#### DATASET RECORDS
+--
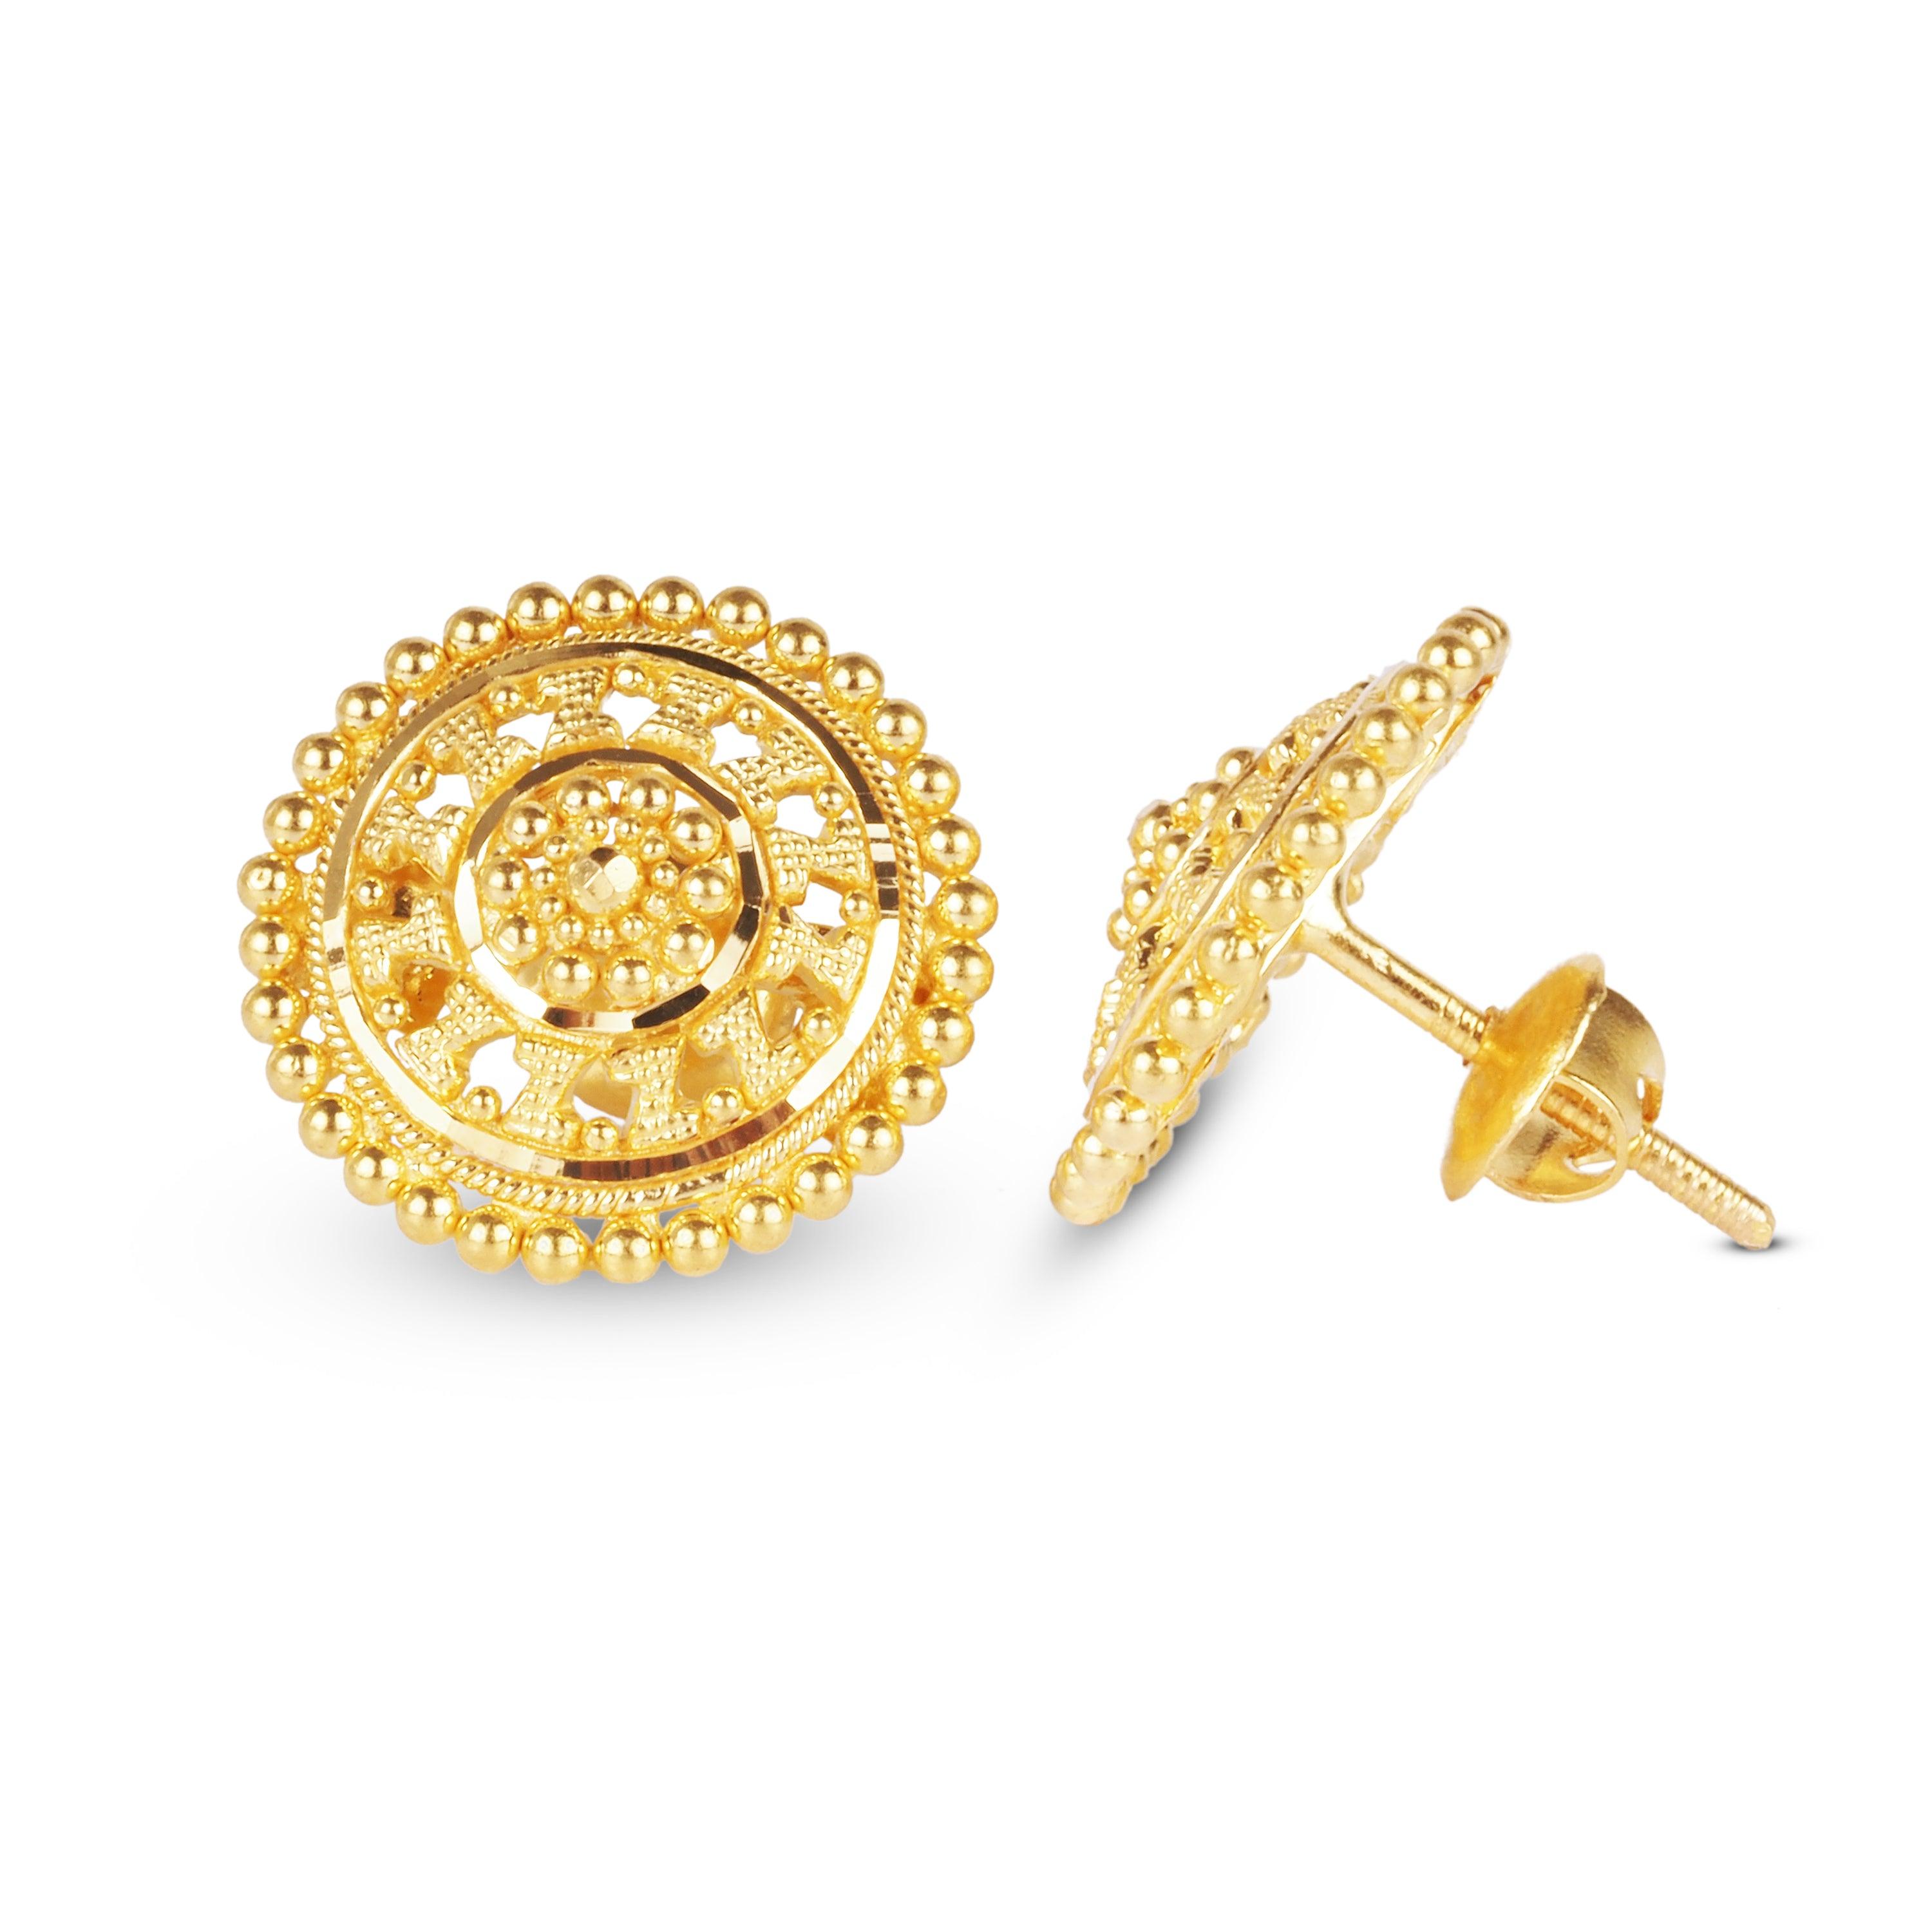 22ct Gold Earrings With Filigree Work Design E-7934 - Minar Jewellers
+--
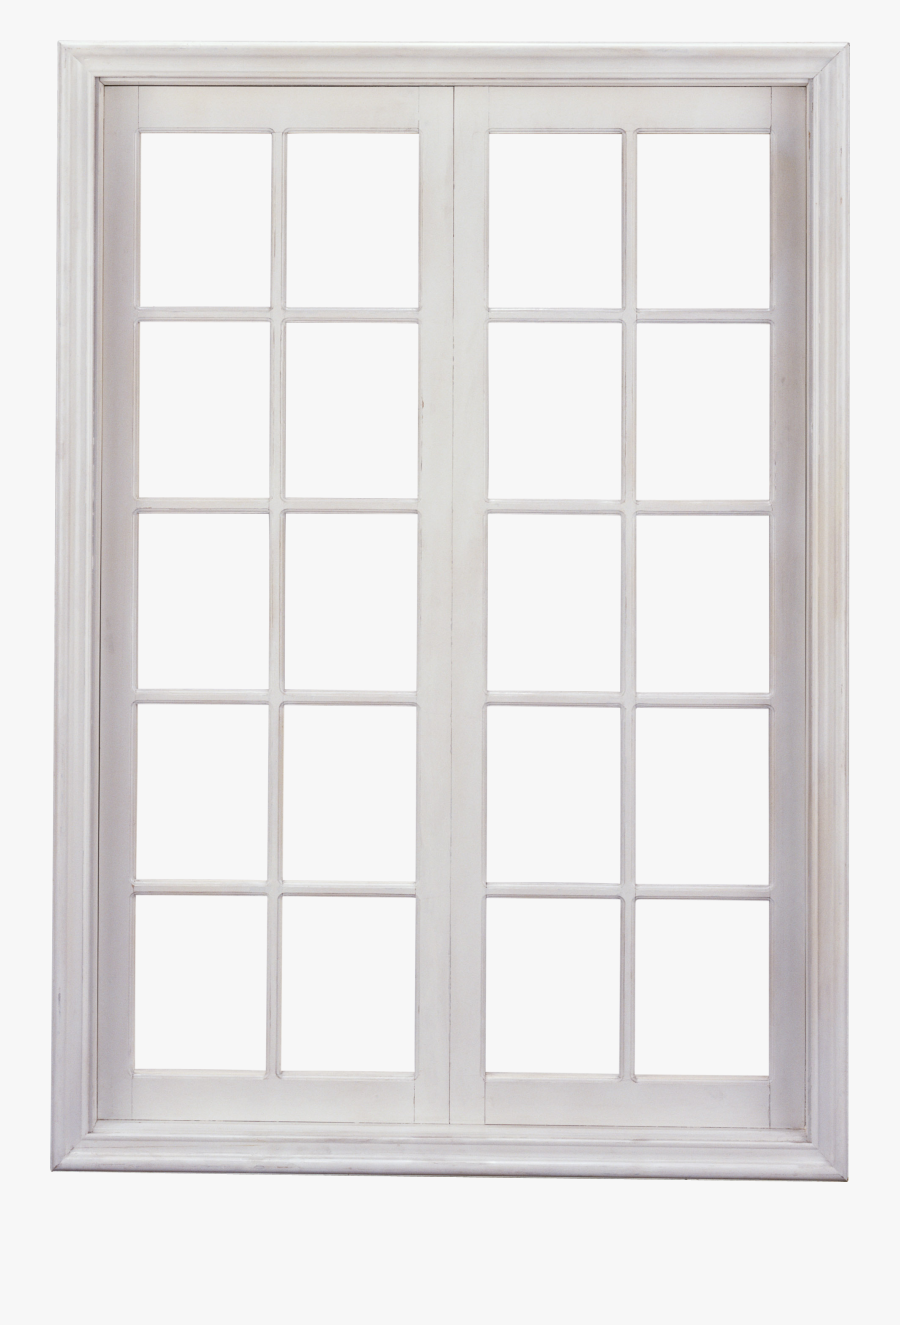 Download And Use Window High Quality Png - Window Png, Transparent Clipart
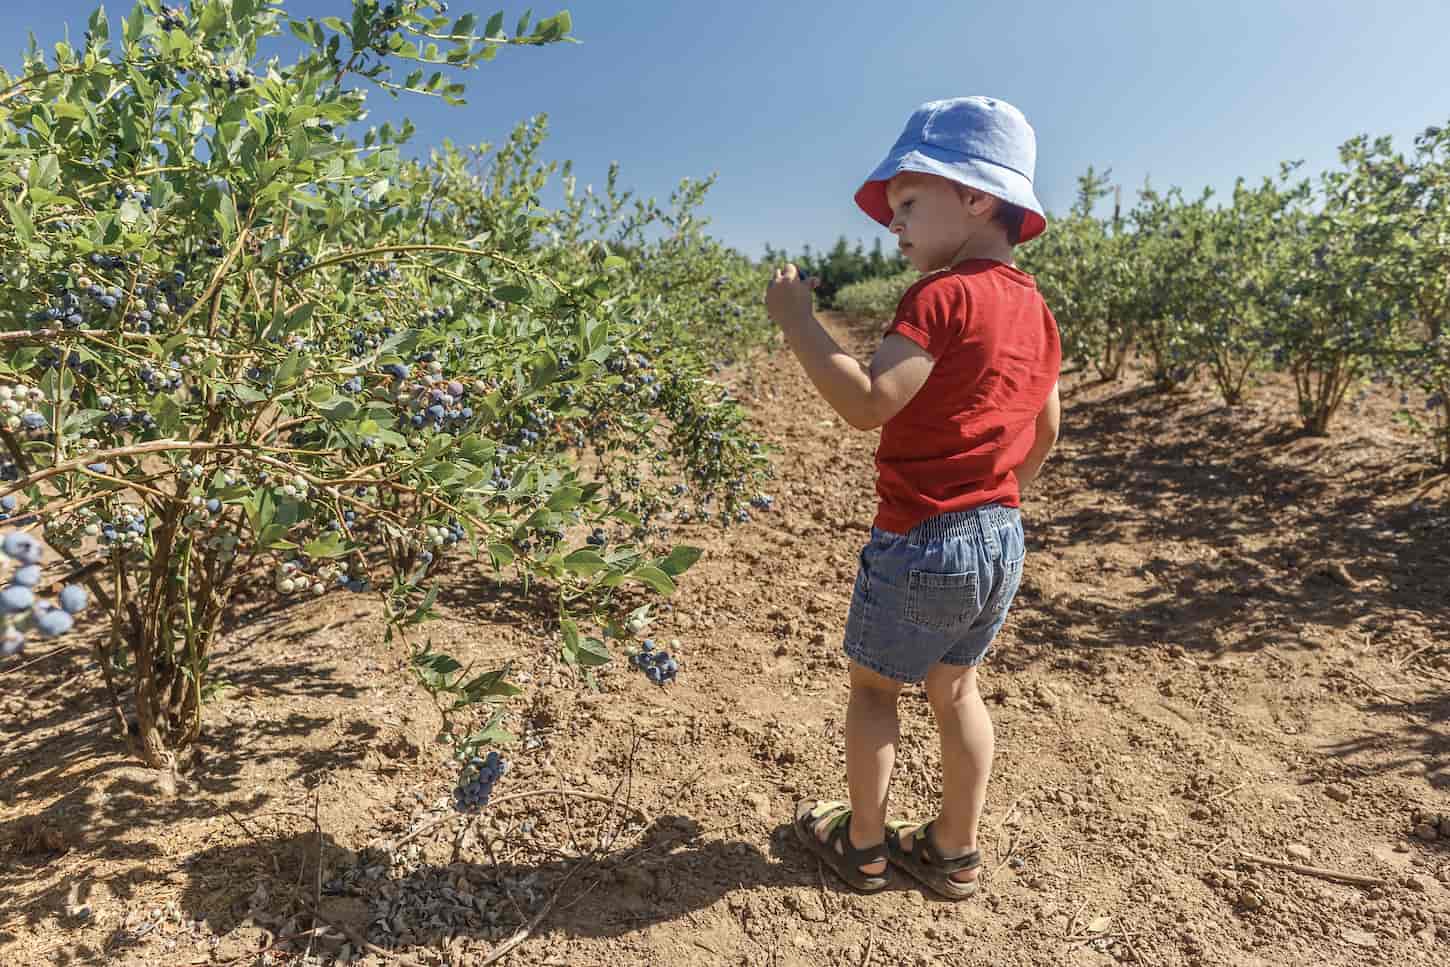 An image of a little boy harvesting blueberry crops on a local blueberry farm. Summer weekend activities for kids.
+--
#### TASK
In the listing above, find the line with "Download And Use" and the line with "An image of". Set down both and every line between them, minus the pictures.

#### RESPONSE TO THE TASK
 Download And Use Window High Quality Png - Window Png, Transparent Clipart
 An image of a little boy harvesting blueberry crops on a local blueberry farm. Summer weekend activities for kids.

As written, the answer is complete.